Проснулся Пётр от того, что его легонько трясли за плечо. Он открыл глаза. Перед ним вновь стояла его мать, только в те годы, когда ей еще было лет четырнадцать.

– Отец, вставай, пора, а то на службу опоздаешь! Я уже завтрак нам приготовить успела! Тебя покормлю, а сама в школу побегу. У нас сегодня шесть уроков, а последний мой любимый – математика.

Пётр вспомнил, что его мать была учительницей математики и зажмурил глаза. Он никак не мог поверить, что всё, что сейчас с ним происходит, – это самая настоящая реальность.

– Ну, вставай! Не засыпай больше! А то тебя с работы выгонят! На что мы тогда с тобой жить будем? У нас ведь тогда твою продуктовую карточку отберут!

Пётр взял себя в руки, встряхнул голой и встал с кровати. Стал снова одевать свой комбинезон.

– Что ты такое одеваешь? Откуда ты вообще взял эту несносную одежду? – всплеснула руками дочка или мать.

Пётр всё ещё не мог определиться и не понимал, как называть собственную мать. Мысли путались у него в голове. Девочка пошла в спальню и вернулась с милицейской формой с орденскими планками. Потом сходила в коридор и принесла начищенные до блеска сапоги. В стоявшей у окна тумбочке достала наган, обтёрла его фартуком и подала Петру.

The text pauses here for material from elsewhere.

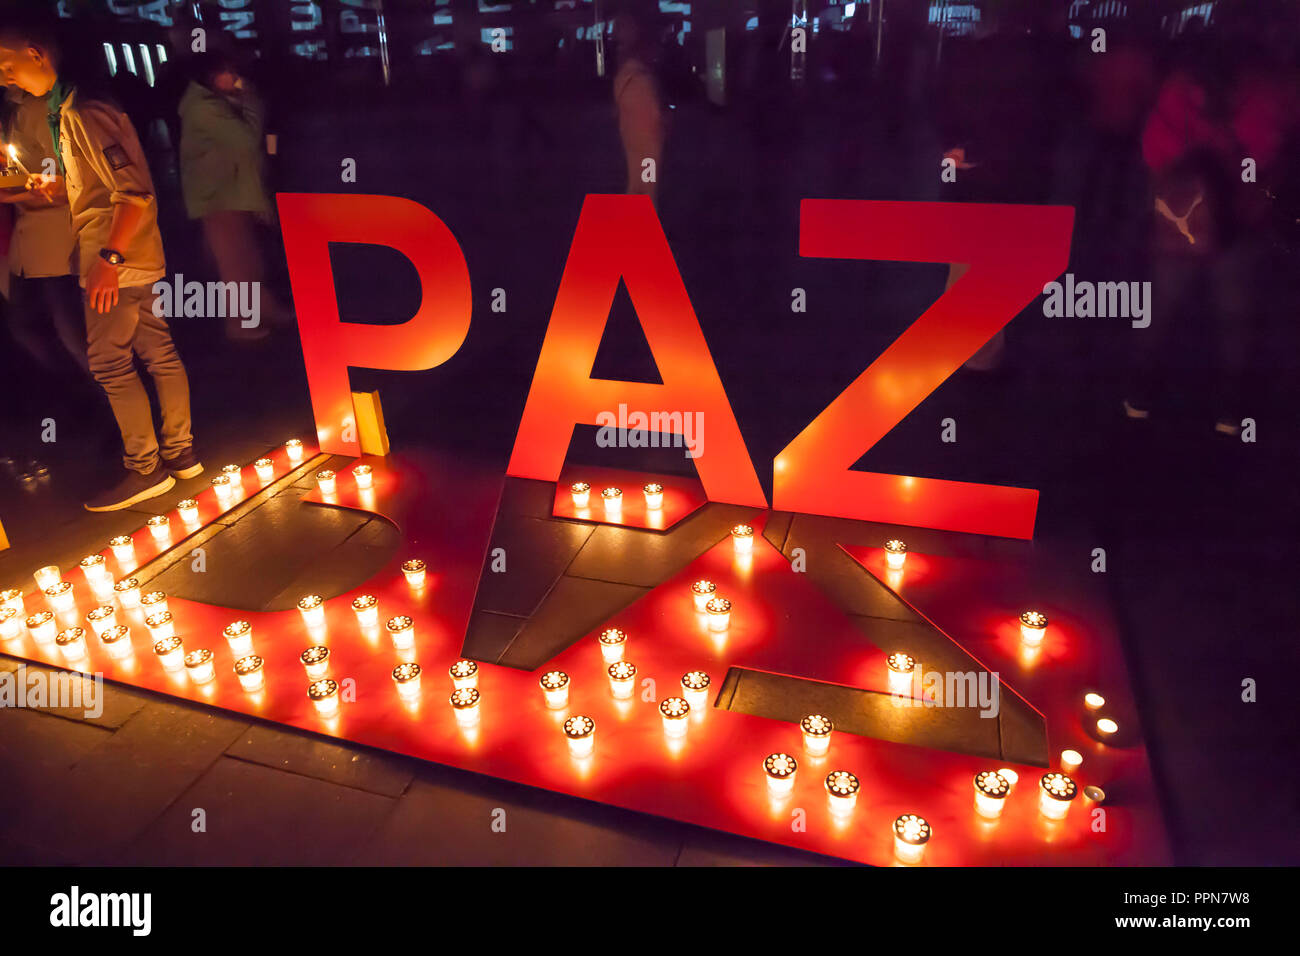 Cologne, Germany, September 26th. 2018. Peace lights in front of word sculptures in front of the cathedral during the cathedral pilgrimage 2018, the sculptures show the word peace in 12 languages, Cologne, Germany. Credit: Joern Sackermann/Alamy Live News Stock Photo
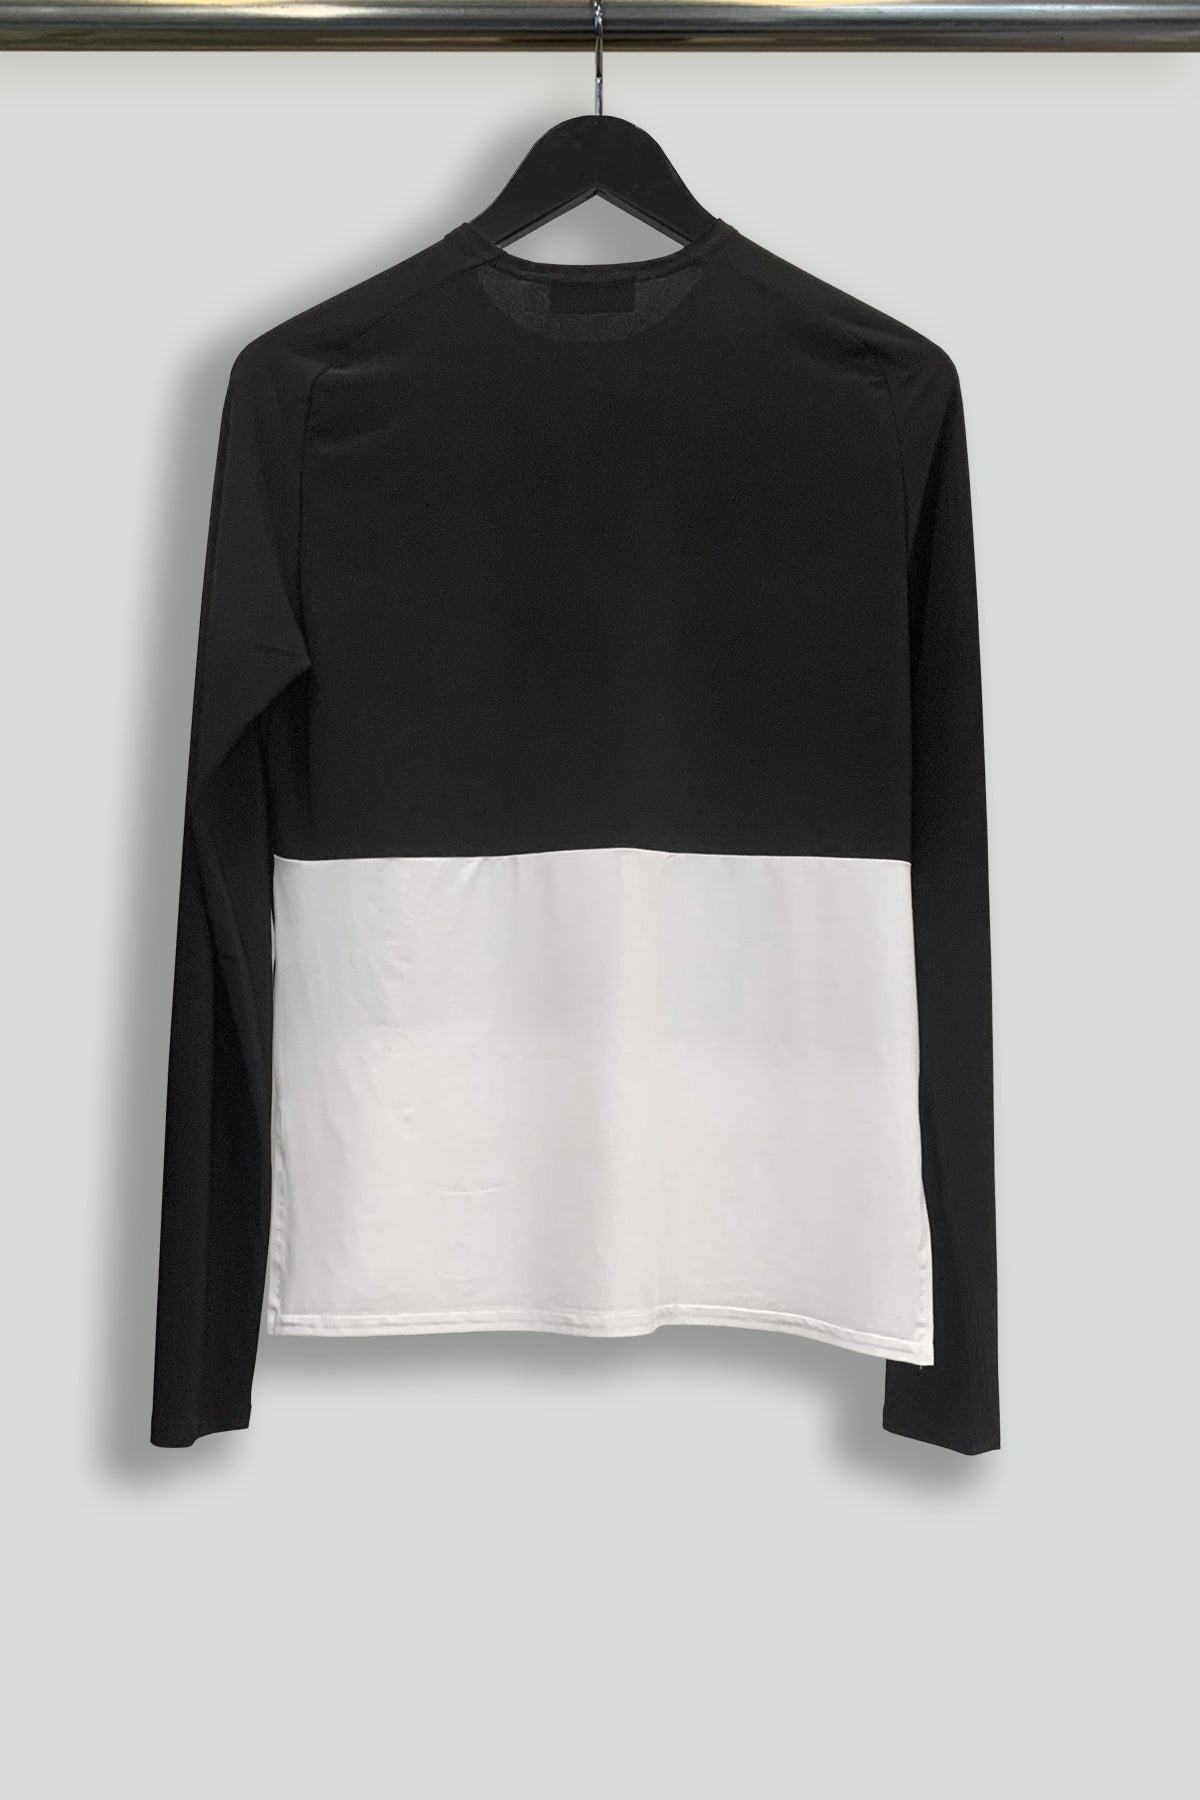 Black and White Knit Jersey Color-Blocked Combo Long Raglan Sleeve Crew - Hanger Back

– Сходи умойся, а потом одеваться и завтракать! – приказала девчушка и с жалостью посмотрела на его ожог на лице.

«Командует мною совсем как моя родная мать!». И от мысли, что он вновь слышит её голос Петру стало, вдруг, как-то тепло и уютно на сердце. Он внезапно для себя согласился принять эту новую реальность. Ту, где была жива хотя бы его мать. Он вспомнил погибшую жену, пропавшую дочку. Вспомнил слова Веньки, но тот вполне мог просто блефовать и тянуть время, зная, что вот-вот должны подъехать его псы.

Когда Пётр вошёл на кухню, уже одетый в форму милиционера и с наганов в кобуре, дочка критически его осмотрела, а затем удовлетворённо кивнула головой.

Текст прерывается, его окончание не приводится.